» RECORDS SUPPLIED:
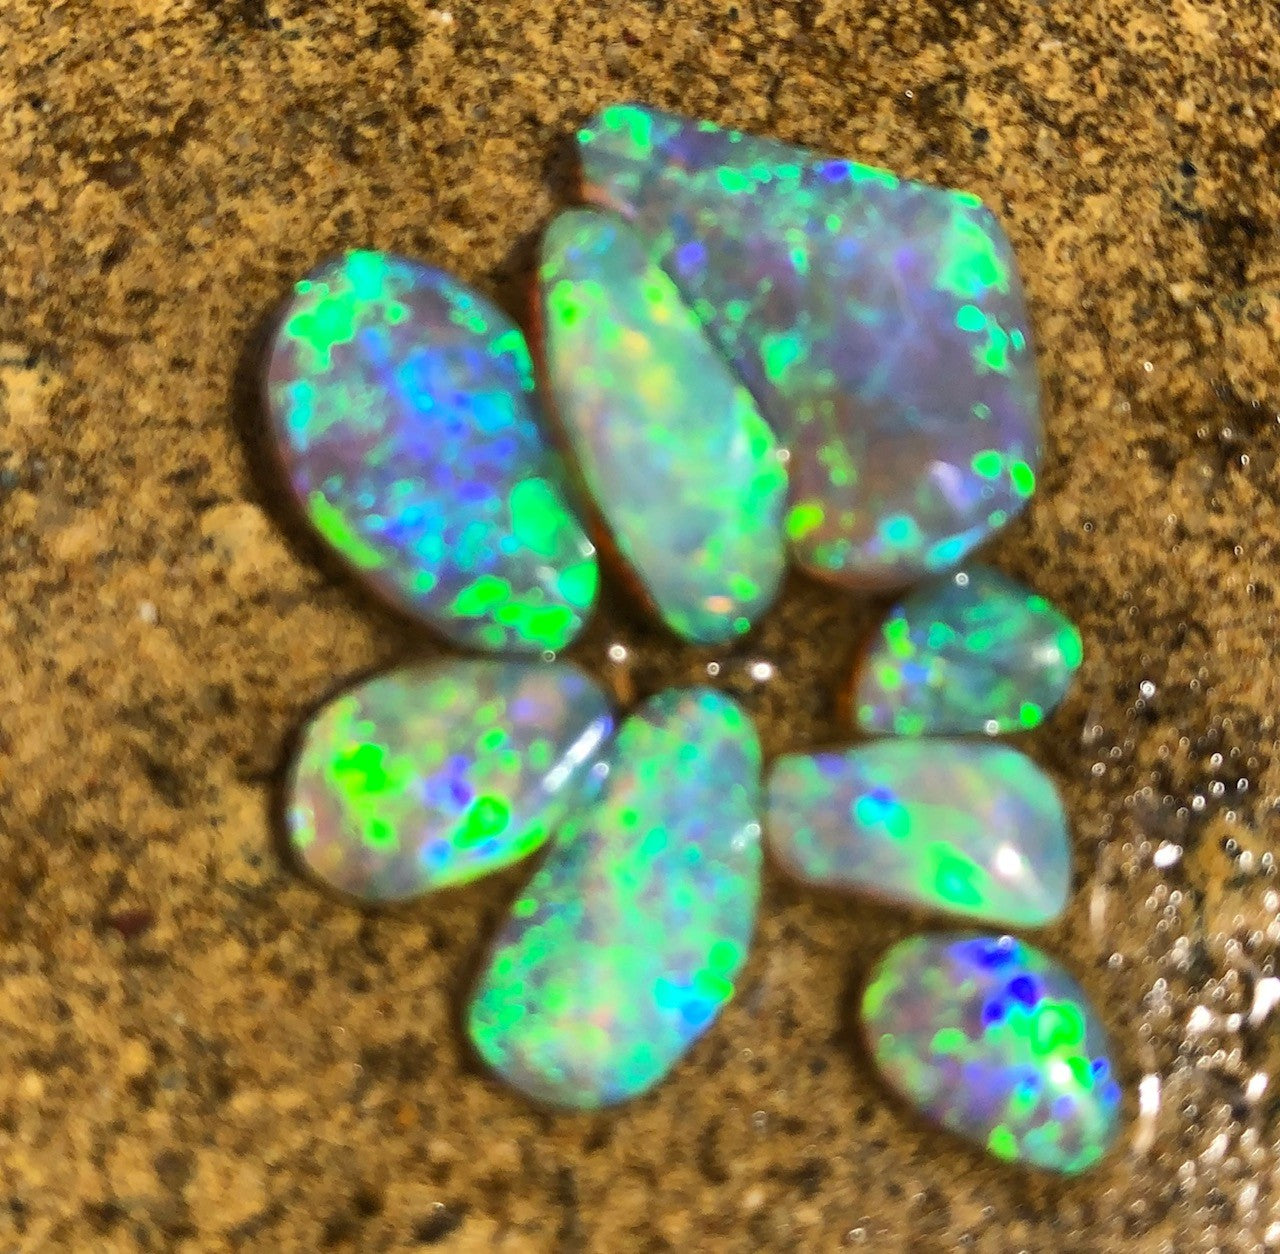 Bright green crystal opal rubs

* * *

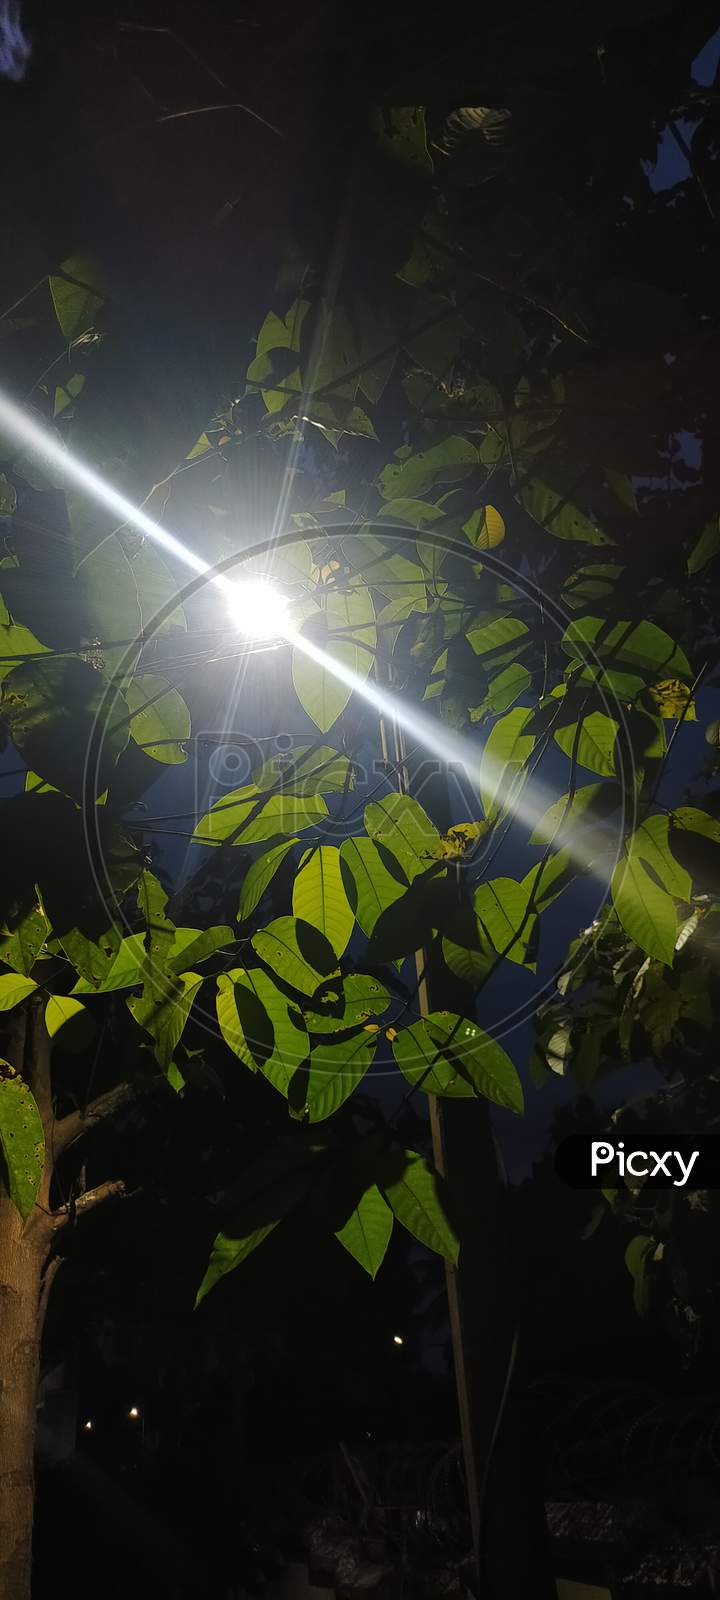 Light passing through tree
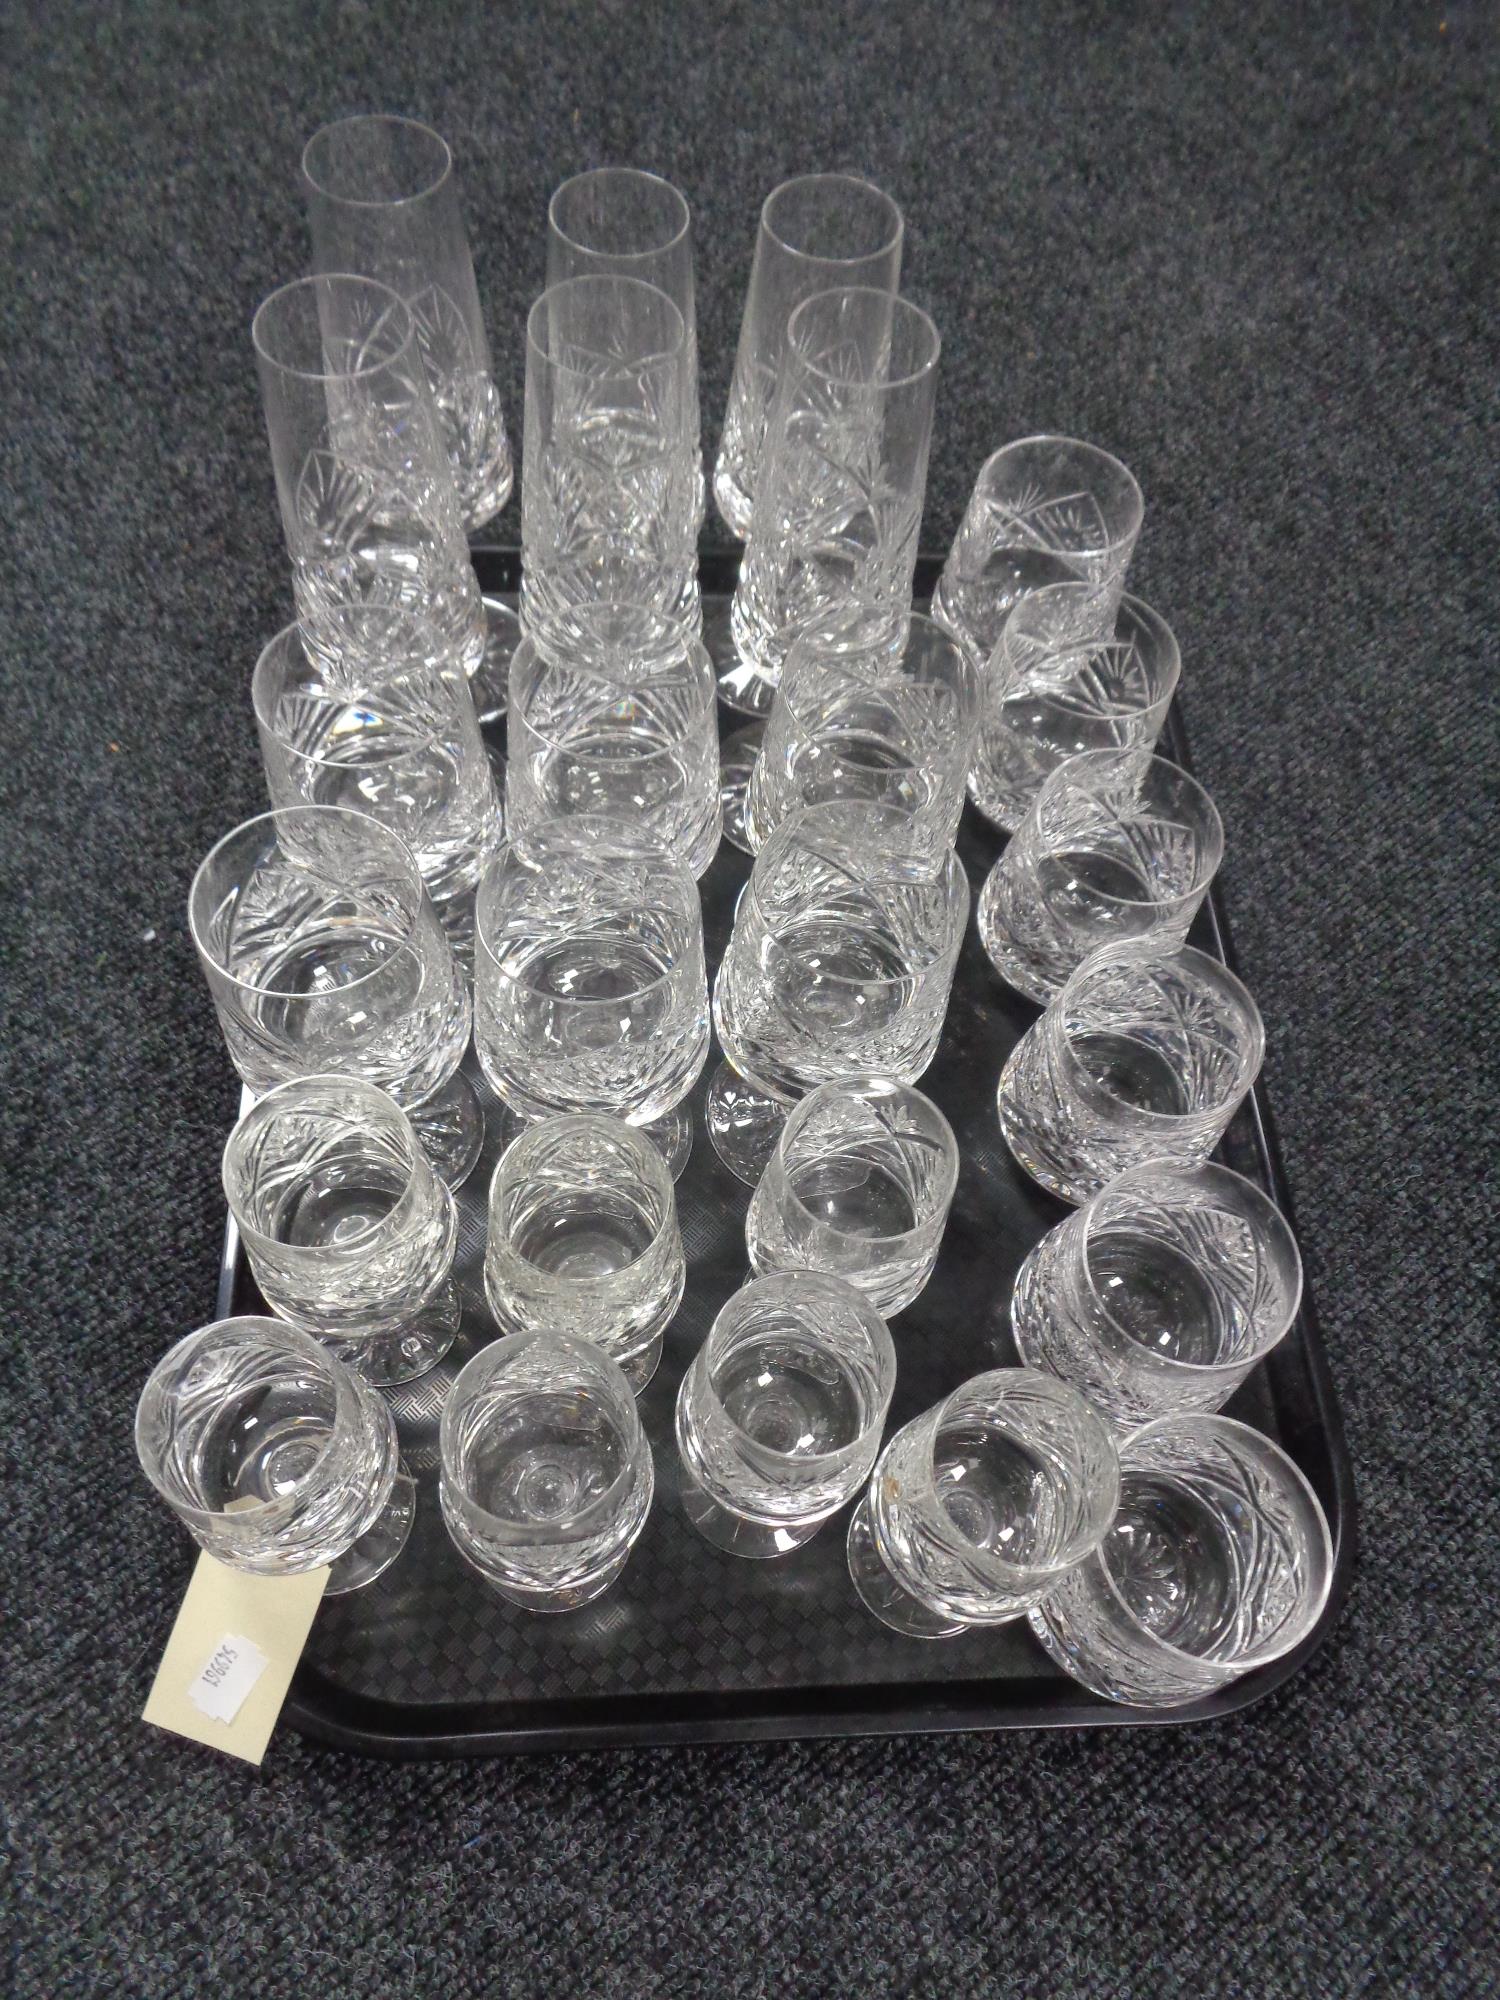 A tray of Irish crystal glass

==

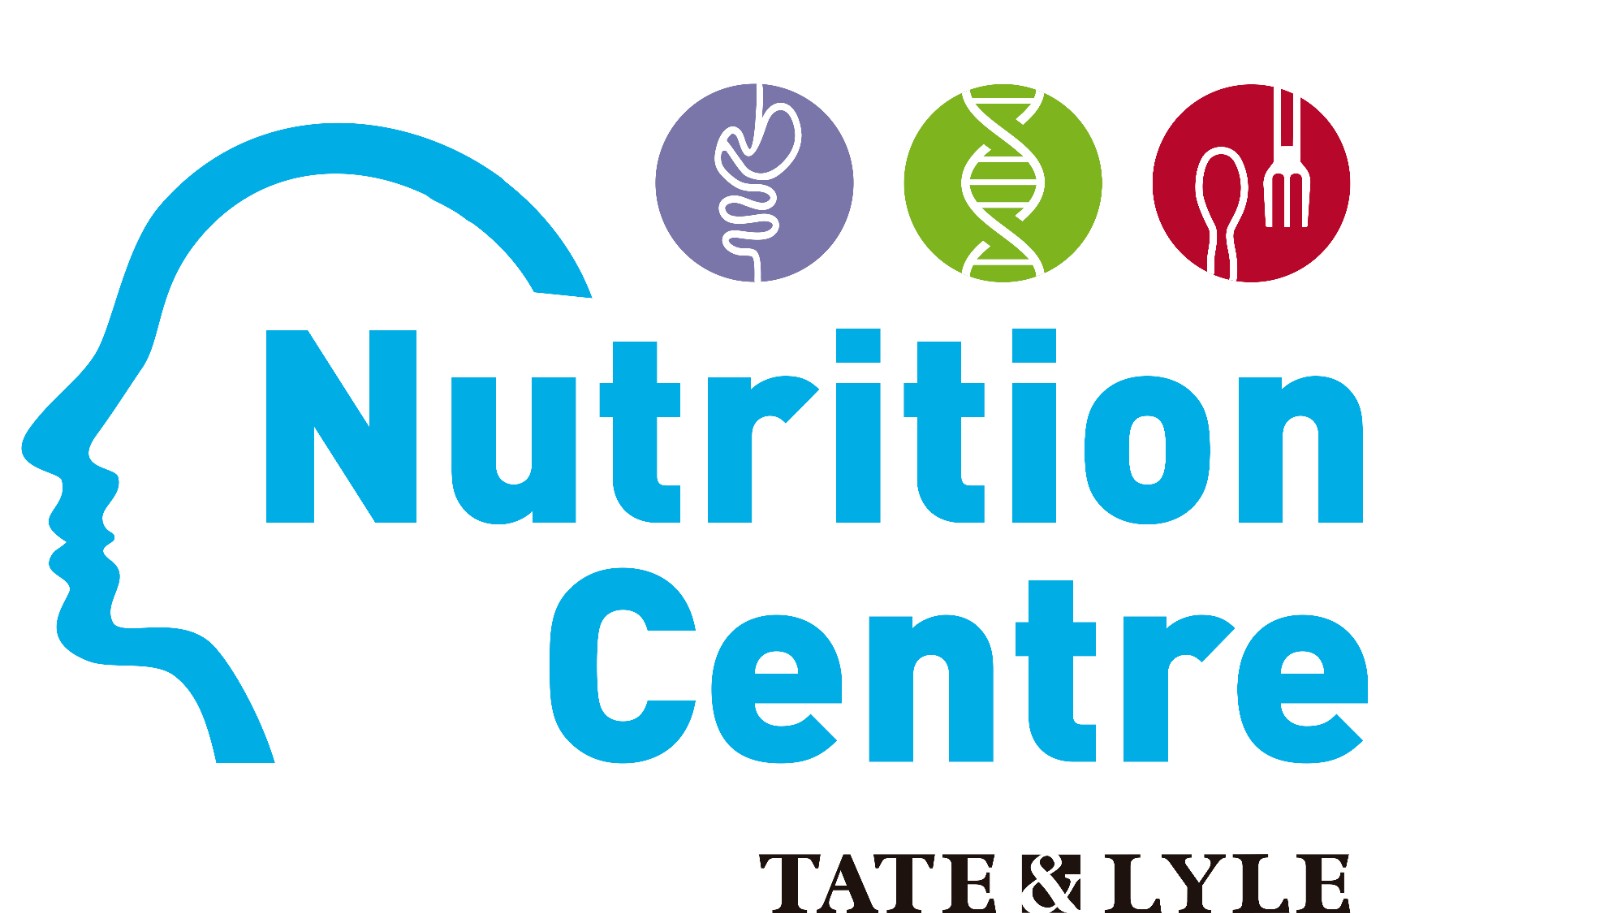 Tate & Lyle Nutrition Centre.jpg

» ABOUT THIS TASK: Return, exactly as they stand, the lines above from the one with "Light passing through tree" to the one with "A tray of Irish crystal glass", omitting any pictures among them.

» TASK RESULT:
 Light passing through tree
 A tray of Irish crystal glass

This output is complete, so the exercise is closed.